Должно быть, это состояние ума было хорошо знакомо Ван Гогу, который написал кипарисы, подобные зеленым языкам пламени, на фоне неба, пылающего вихрями звезд. Задача не только в том, чтобы выявить истоки этого состояния с точки зрения психологии, или описать его в формальных искусствоведческих терминах, или проанализировать его социальные последствия в терминах политологии. Задача в том, чтобы разделить его с другими. А для этого прежде всего необходимо признать, что сила этого чувства, это ощущение взаимосвязанности всего сущего — не иллюзия. Это правда. Мир действительно таков; Небесная республика действительно такова. Эмили Бронте ничего не выдумывала: она писала о том, что видела. И этот вереск, волнующийся на ветру, и эти кипарисы и звездная ночь — все они сродни тому, о чем говорит поэт и визионер Томас Траэрн:
Ты не насладишься этим миром сполна, доколе море не потечет по твоим венам, доколе ты не облечешься небесами, и не увенчаешь звездами главу свою, и не ощутишь, что весь этот мир — по праву твой, и только твой.
И не забывайте, что речь идет об этом море, об этом вереске, об этих кипарисах — одним словом, об этом мире; не о каком-то далеком и нездешнем Царстве, а о нашей Республике.
До сих пор я говорил о тех проявлениях Небесной республики, какие приходили мне на ум, не пытаясь расположить их в каком-либо определенном порядке. Но все это лишь проблески, лишь окошки, открывающиеся наугад — то там, то сям. А нам необходимо нечто более связное и последовательное. Нам нужна история; нам нужен миф. («Вы полагаете, будто мы можем обойтись без мифа, но мы так жить не можем».) Детали на этом этапе неважны; сейчас меня интересует только функция мифа — только ответ на вопрос, какую задачу должна решать история, лежащая в основе наших представлений о Небесной республике.
Во-первых, эта история должна делать то же самое, что делают нарративы традиционных религий, — она должна объяснять. Она должна рассказывать о том, как возник этот мир, что мы здесь делаем и почему все устроено именно так. Она должна удовлетворять голод нашего «Почему?» Почему существует мир? Почему мы здесь?
Разумеется, это «Почему?» подразумевает два разных вопроса — о причинах и о целях. Первый звучит так: «Что привело нас сюда?» А второй: «В чем наше предназначение?» Один, можно сказать, обращен в прошлое, а второй — в будущее.

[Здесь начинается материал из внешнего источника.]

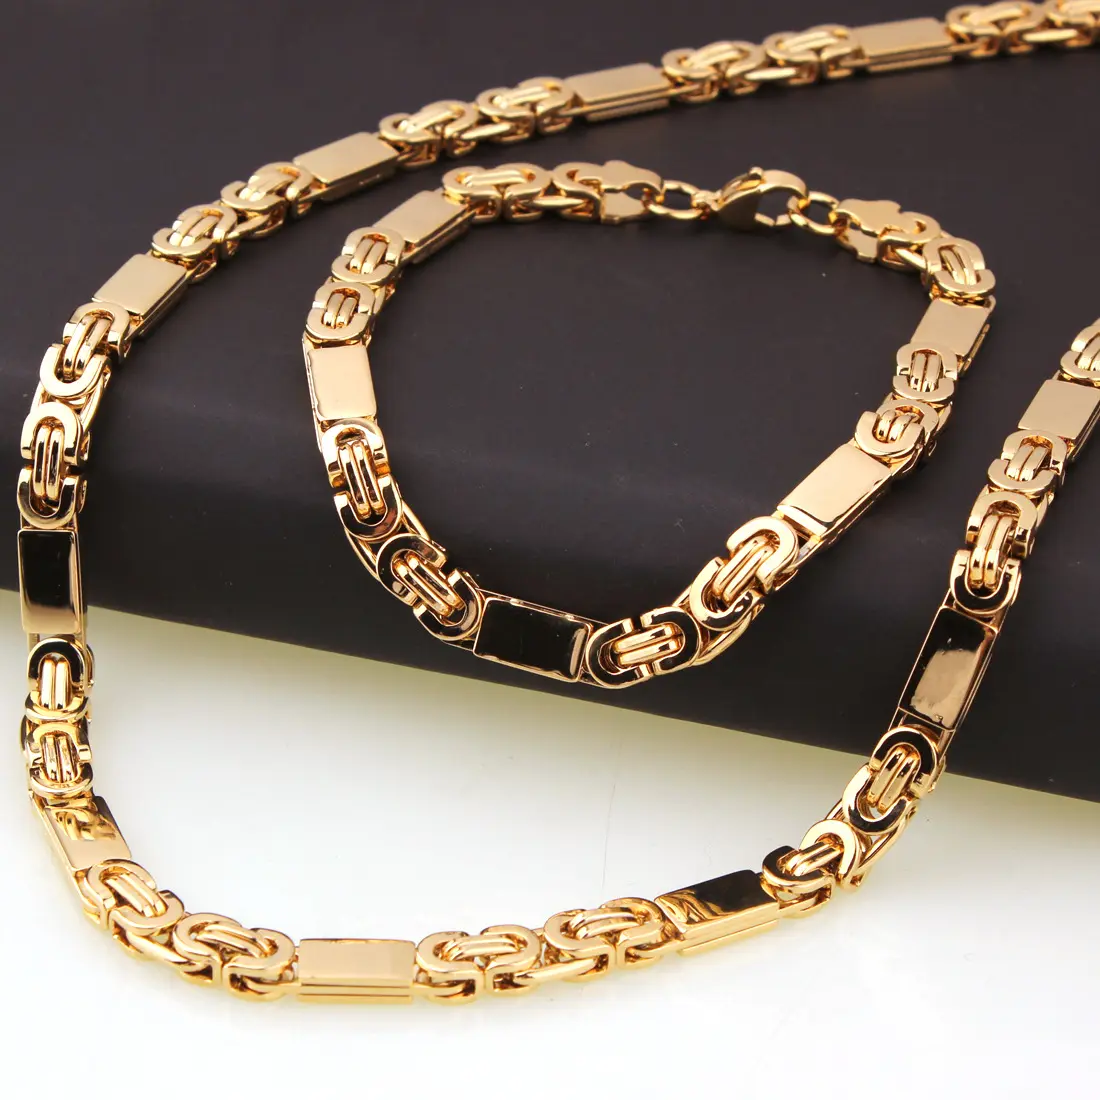 Hifive fashion luxury jewelry Gold Plating Figaro Chain Men's Stainless Steel Italian Solid Necklace & Bracelet Set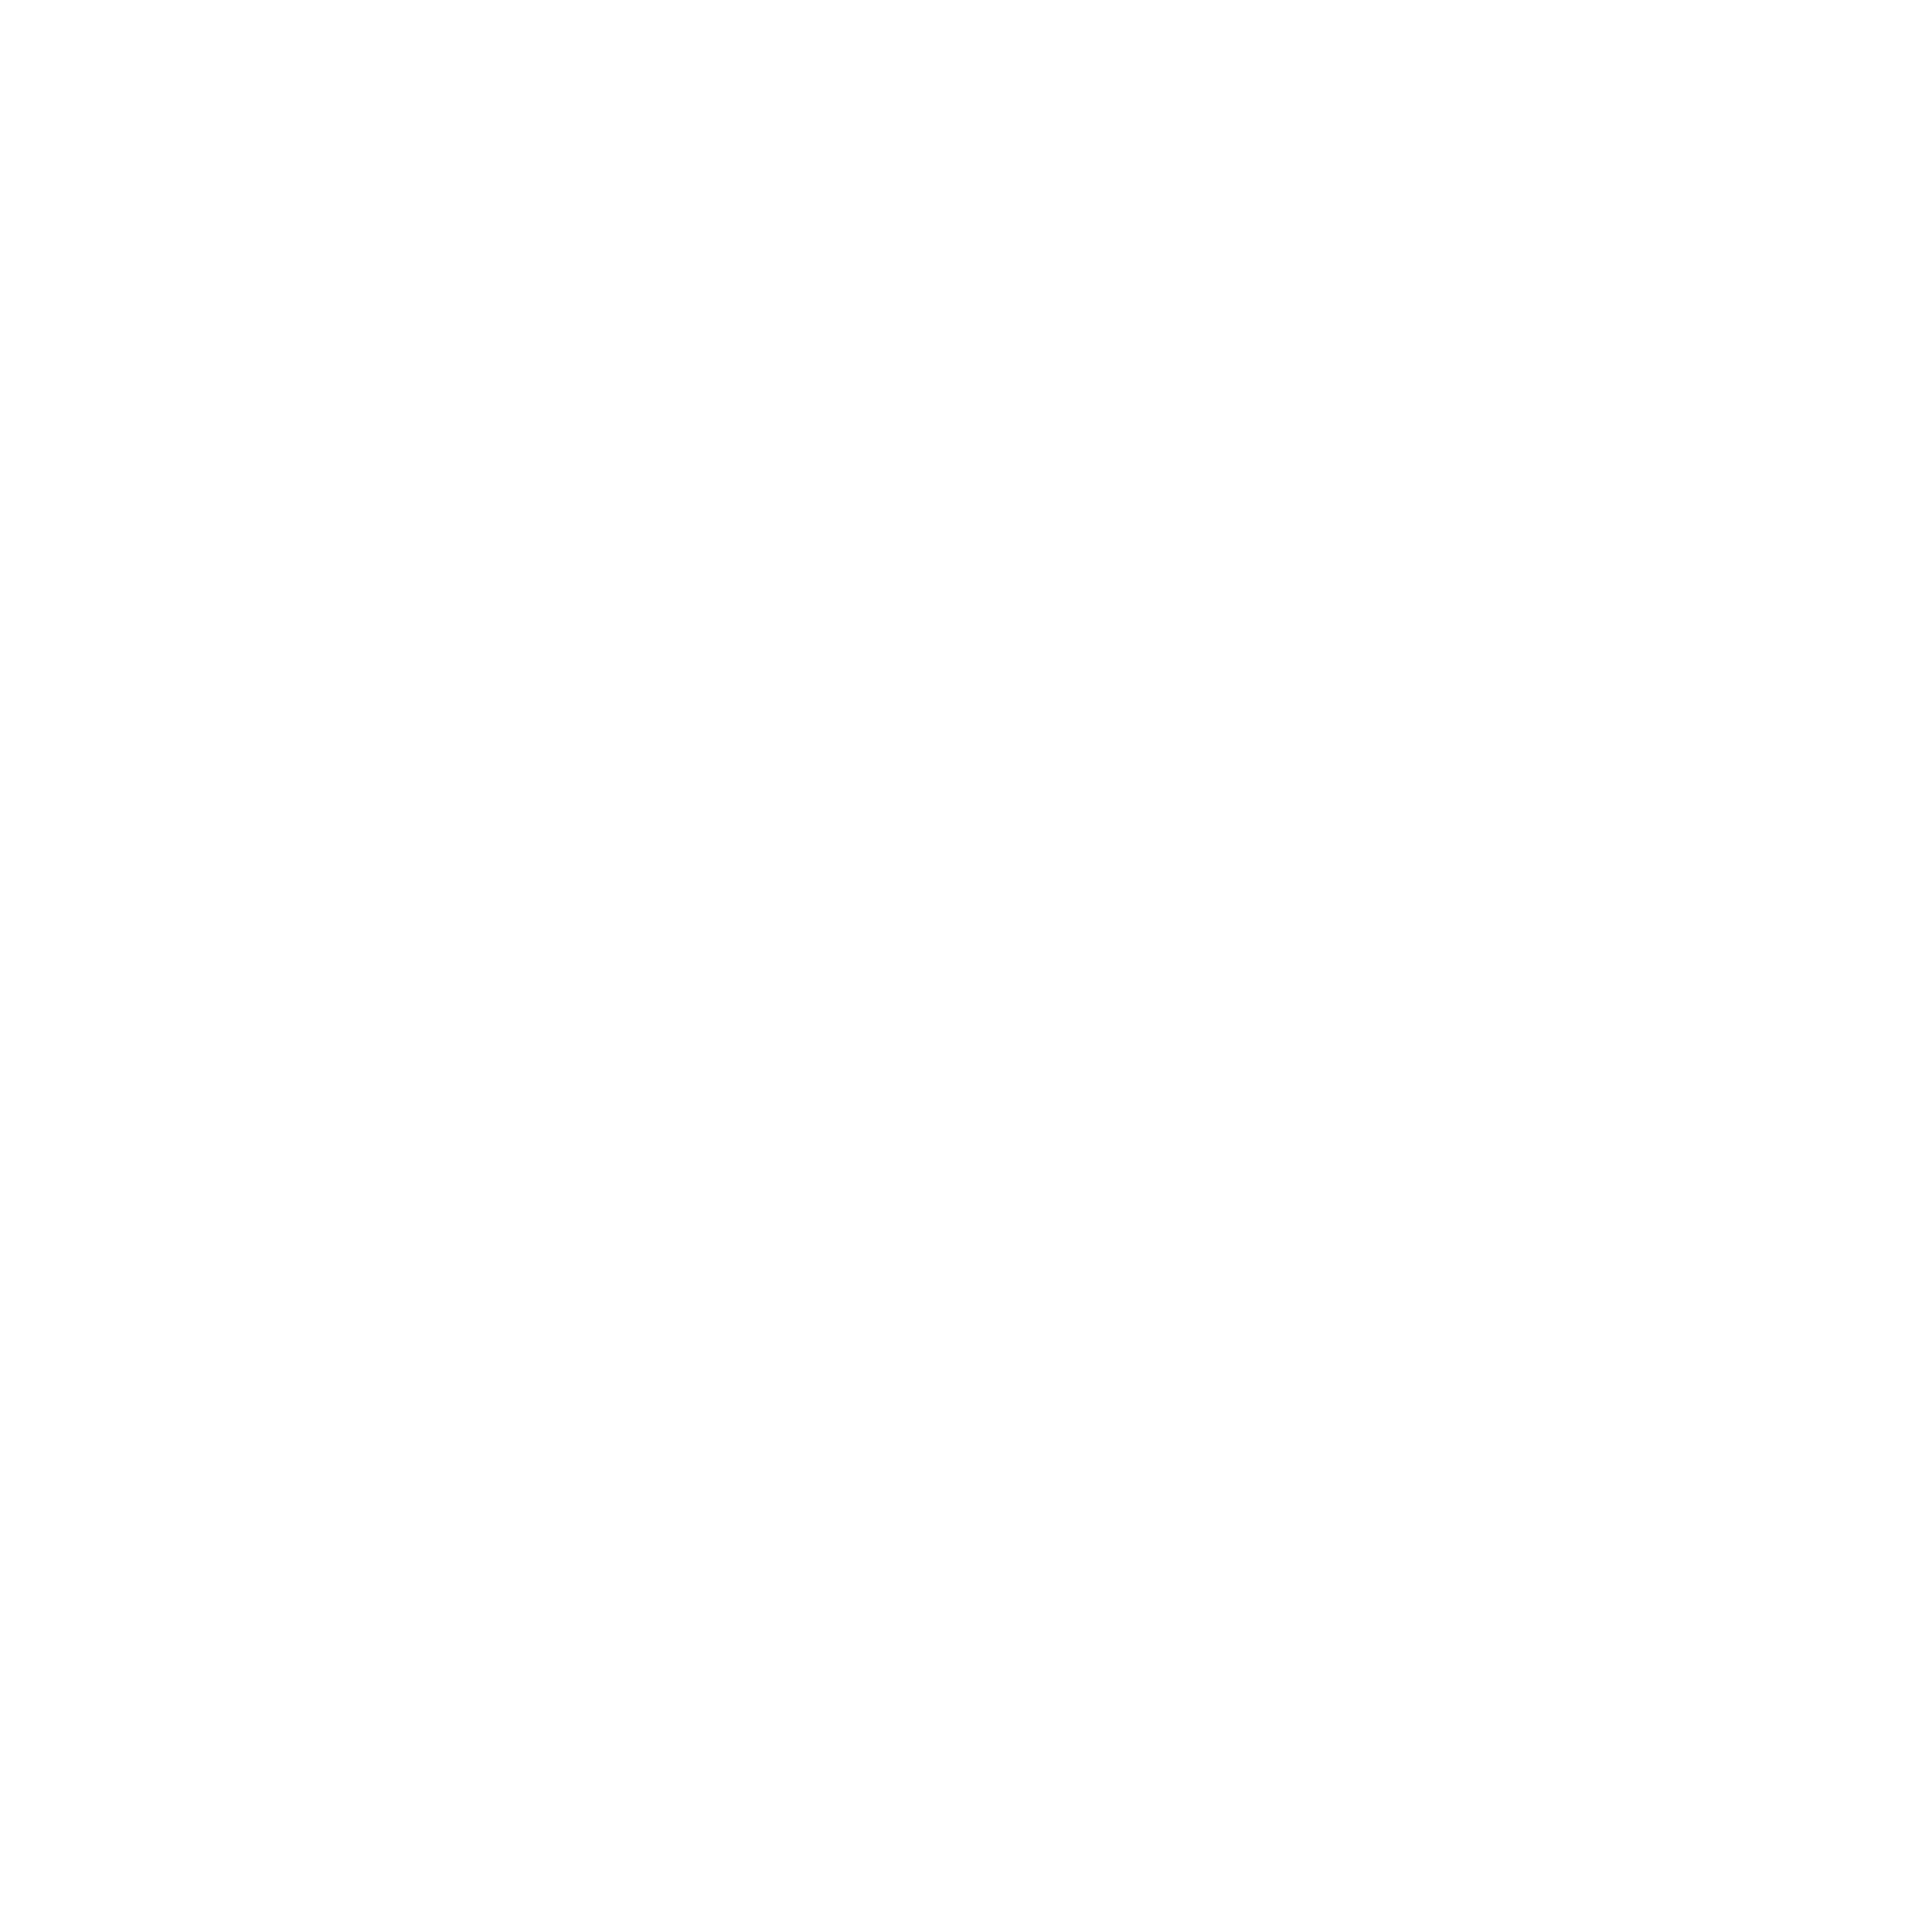 NCSC's CyberFirst

И отвечая на первый из двух этих вопросов, республиканский миф должен принять весь груз неопровержимых свидетельств в пользу эволюции и естественного отбора. В республике нет места божественному творцу. Не исключено, что неодарвинисты совершенно правы: мы появились случайно и сложись обстоятельства по-иному — нас бы не было. В нашем появлении не было никакого замысла. Но здесь настало время вернуться к закладке, которую я положил чуть раньше, описывая достаточно убедительную — с моей точки зрения — картину человеческой эволюции. Биологические процессы слепы и автоматичны: это не какой-то последовательный подъем по ступеням наших отмирающих «я»; не какое-то осмысленное движение к цели.
Ну так вот, я полагаю, республиканский ответ будет таким: что было, то осталось в прошлом, но мы живем сейчас, в настоящем. Мы наделены сознанием и осознаем это. Возможно, к этому привела всего лишь серия случайностей, но теперь, обретя сознание, мы должны сами принять ответственность за свою судьбу. Теперь мы здесь, теперь мы осознаем себя, и теперь от нас многое зависит. С нашим появлением все изменилось.
Итак, миф Небесной республики должен отвечать и на вопрос, откуда мы пришли (держась при этом известных нам фактов биологии, физики и истории), и на вопрос о том, в чем заключается наше истинное предназначение. Наше предназначение — понимать и помогать понять другим, исследовать, строить предположения, воображать и так далее; одним словом, увеличивать количество сознания во Вселенной. И это предназначение несет в себе моральную нагрузку. Оно подразумевает, что оставаться в невежестве и поощрять глупость — это нехорошо и неправильно.
Коль скоро мы заговорили о морали, то перед нами встает следующая задача, которую должен выполнять республиканский миф. Он должен предоставить нам некую систему координат, отвечающую на вопрос, почему одни вещи хороши, а другие — нет. Заявлять, что «Х — хорошо, а Y — плохо, потому что так сказал Бог», — бессмысленно: Царь Небесный умер, и для вольных жителей Республики такие заявления не имеют веса. Разумеется, республиканский миф должен иметь дело с реальными людьми и признавать, что человек способен пасть в такие бездны подлости и злобы, проникнуть в которые не под силу даже самому живому воображению. Но возлагать за это ответственность на какого-то кукольного демона, называя его Сатаной, совершенно бесполезно: Сатана тоже умер.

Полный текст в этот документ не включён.